É bem verdade que imaginar não é o mesmo que ir. Tal como ir não se dá bem com impossível. Mas é precisamente de viagens irrealizáveis, impossíveis, que trata este artigo. Lembramos a edição de maio de 2020 e um dos sítios que jamais poderá visitar, por muito que seja essa a sua determinação: já não existem. Pelo menos da forma como agora os recuperamos.
Sai uma sandes?
Comecemos, então, por Sandwich. Abalar para as Sandwich será, por certo, a viagem mais concorrida nestes tempos de confinamento generalizado. Uma rigorosa medição perímetro abdominal, quando tudo isto acabar, poderá ser útil para confirmar tamanha evidência. Enquanto não, é bom que se recorde que o capitão James Cook, para além de pirata encartado, era também um jogador compulsivo. Era viciado em whist que, mal comparado, é uma espécie de sueca à inglesa. Adictos à jogatana, como Cook o era, havia muitos, mas nenhum tão agarrado como um tal John Montagu, que nem para comer abandonava a mesa de jogo: pedia ao garçon dois pedaços de pão entremeados com rodelas de linguiça ou, em último recurso, quaisquer outras carnes sobrantes do cozido do almoço. Uma ideia genial. Tão genial que quando Cook avistou em 1778 um arquipélago perdido no meio do Pacífico não teve dúvidas, deu-lhe o nome do seu camarada de batota. Montagu? Não, Sandwich. Que era o título nobiliárquico do duque que popularizou a nível planetário a sandes. É provável que nenhum linguista se tenha dedicado com atenção ao tema da sandes, mas o engenho da língua portuguesa produziu, e isso é irrefutável, a mais completa e complexa das designações. Um substantivo plural que nomeia uma entidade singular. Dois nacos de pão recheados com o que mais houver à mão, transformam-se numa coisa una e apenas divisível à dentada: a sandes.

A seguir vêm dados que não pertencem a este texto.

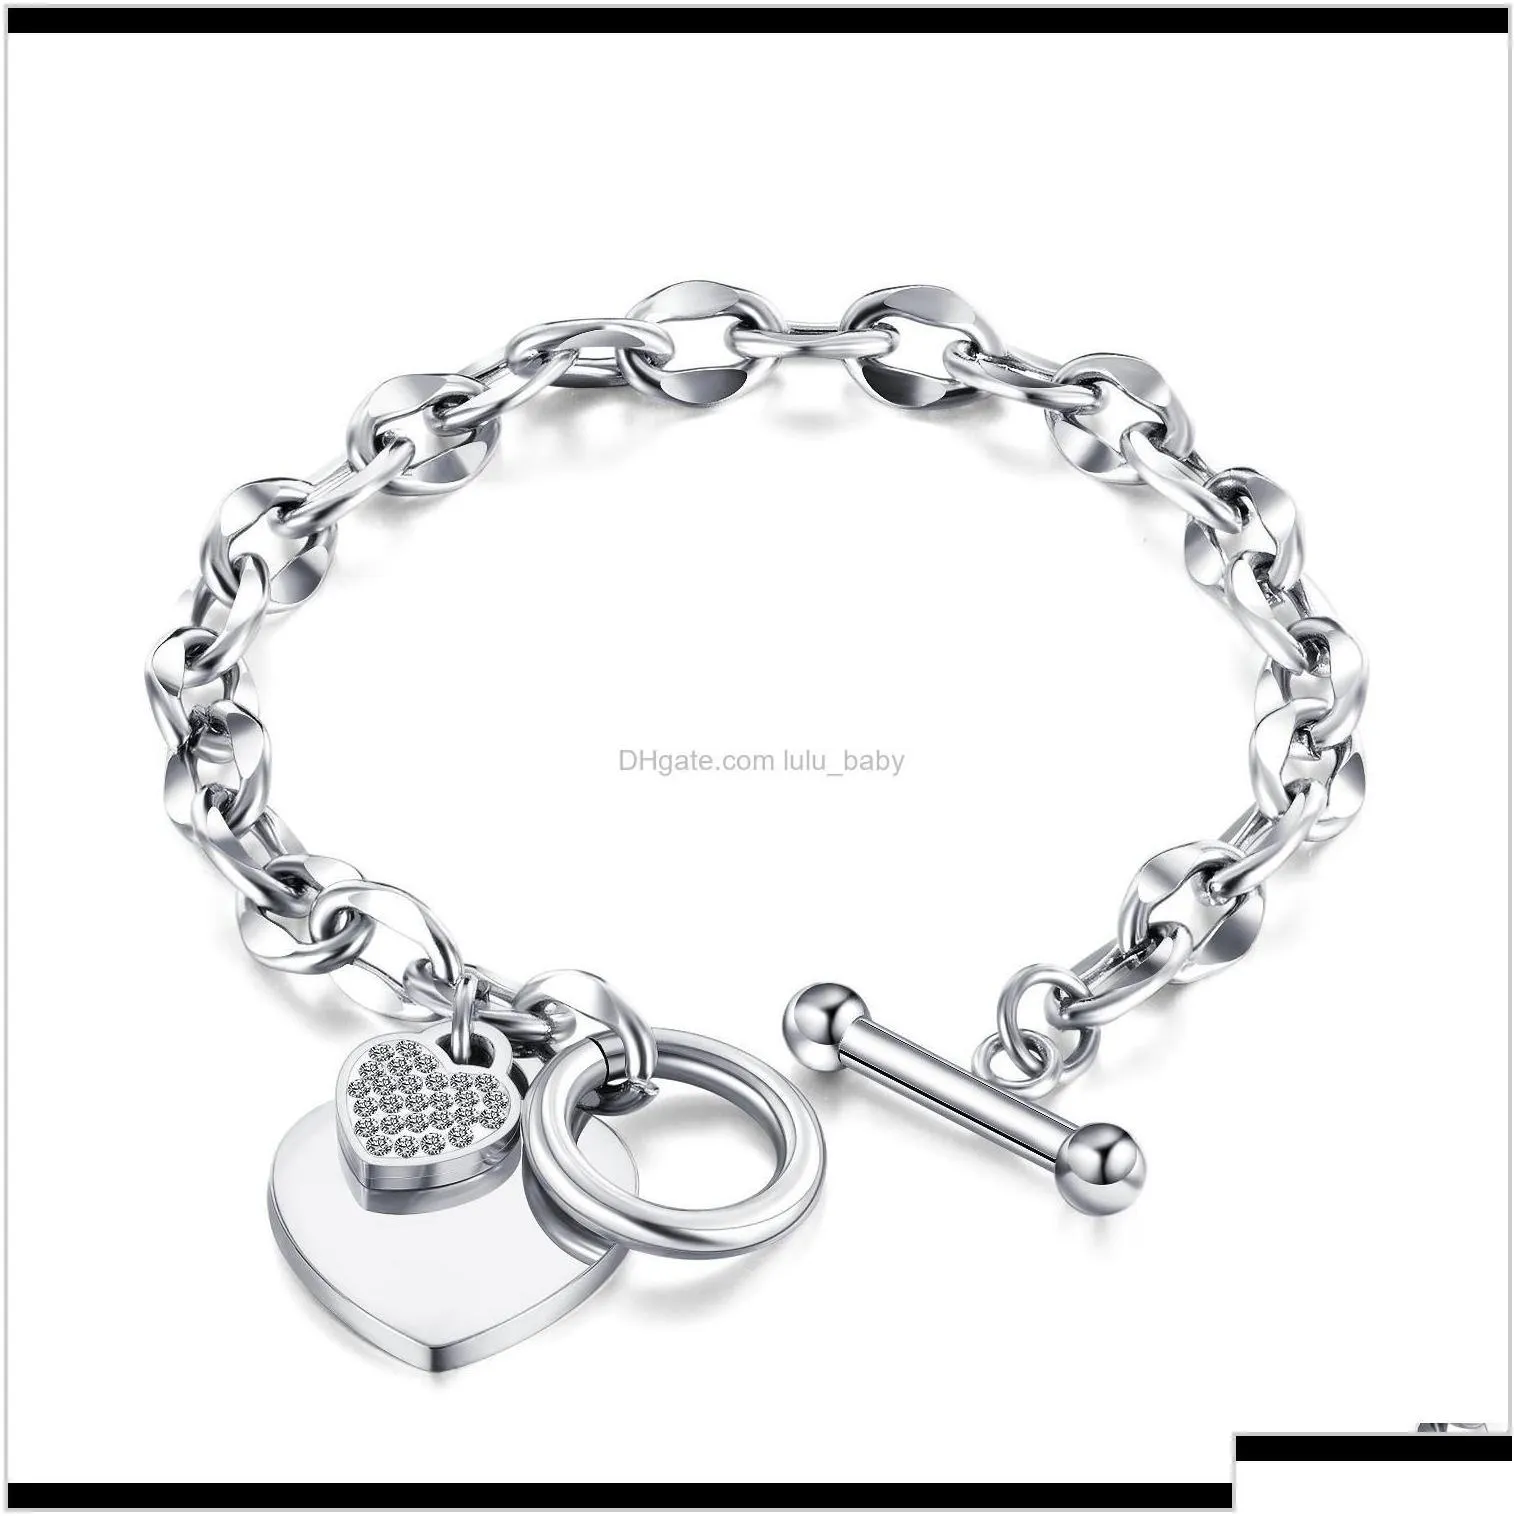 Diamond Zirconia Heart Charms Fashion Designer 316L Stainless Steel Link Chain Jewelry For Woman Girls Gifts Rose 9Yen6 Charm Bracelet
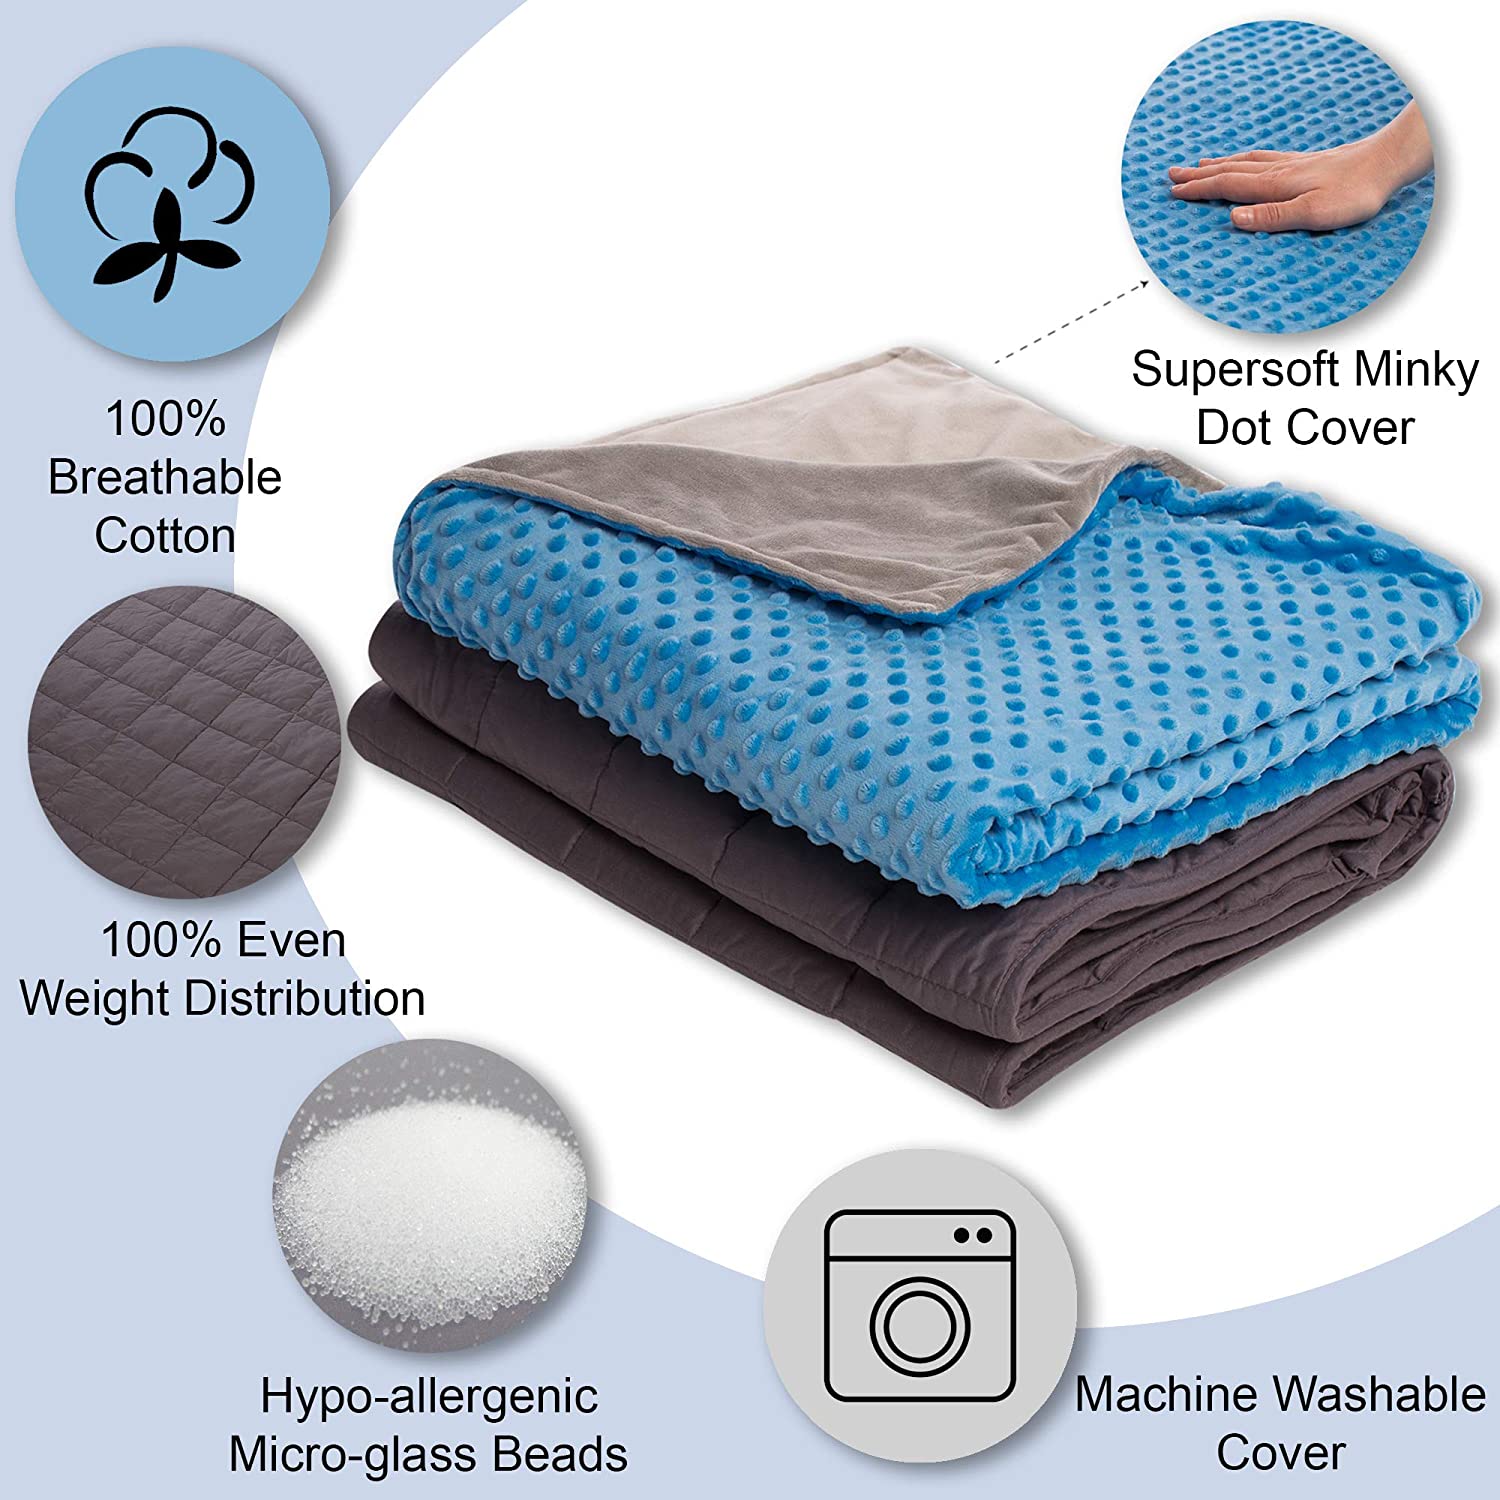 Super Soft 10 lbs Weighted Blanket for Kids & Removable Cover - 41 x 60 inch Weighted Blankets with Glass Beads Single Size - Kids Heavy Blanket for Girls and Boys - Sky Blue - Hazli Collection

Viajar tem destas coisas. E, como dizem alguns poetas, não há viajante como o idioma português. Que terá aportado às Sandwich precisamente um século após James Cook as ter batizado. É, por certo, impróprio chamar “viajantes” aos primeiros lusíadas, na maioria ilhéus, que se “instalaram” no Reino de Sandwich no último quartel do século XIX. Sim, provavelmente Sandwich terá sido a única monarquia ao jeito europeu em toda a história da chamada área de influência do subcontinente norte-americano. Mas assim o entendeu e melhor o fez o grande monarca fundador Kamehameha I. É complicada, a onomástica sandwichenha. Começando em Barack Obama. E acabando em Lilioukalani.
Que foi a última rainha de Sandwich, antes de o governo federal americano ter percebido que as ilhas eram… rentáveis. Principalmente à força de trabalho escravo nas roças de cana- de-açúcar e de ananases, onde o tal “viajante” português era então rei e senhor sob a esclarecedora distinção de “preto”. Não deixa de ser irónica, a História.
Mas também não se pense que tudo aquilo era triste, nem que tudo aquilo era fado para os nossos patrícios. Basta fechar os olhos e imaginar os cavaquinhos a desafiar as ondas na cintura das dançarinas indígenas. Numa bela praia paradisíaca. Numa bela noite de luar. Tudo isto existe…
Reino de Sandwich
1810-1894
Capital: Honolulu
Línguas oficiais: inglês e havaiano
Atual estado norte-americano do Havai.
Embora existam registos mais antigos deste arquipélago vulcânico do Pacífico, nomeadamente portugueses, a história oficial atribui a descoberta das ilhas Sandwich a James Cook, em 1778. Originalmente povoadas por diferentes povos da polinésia, em especial do Taiti, o território passou a integrar os EUA em agosto de 1959, como estado autónomo.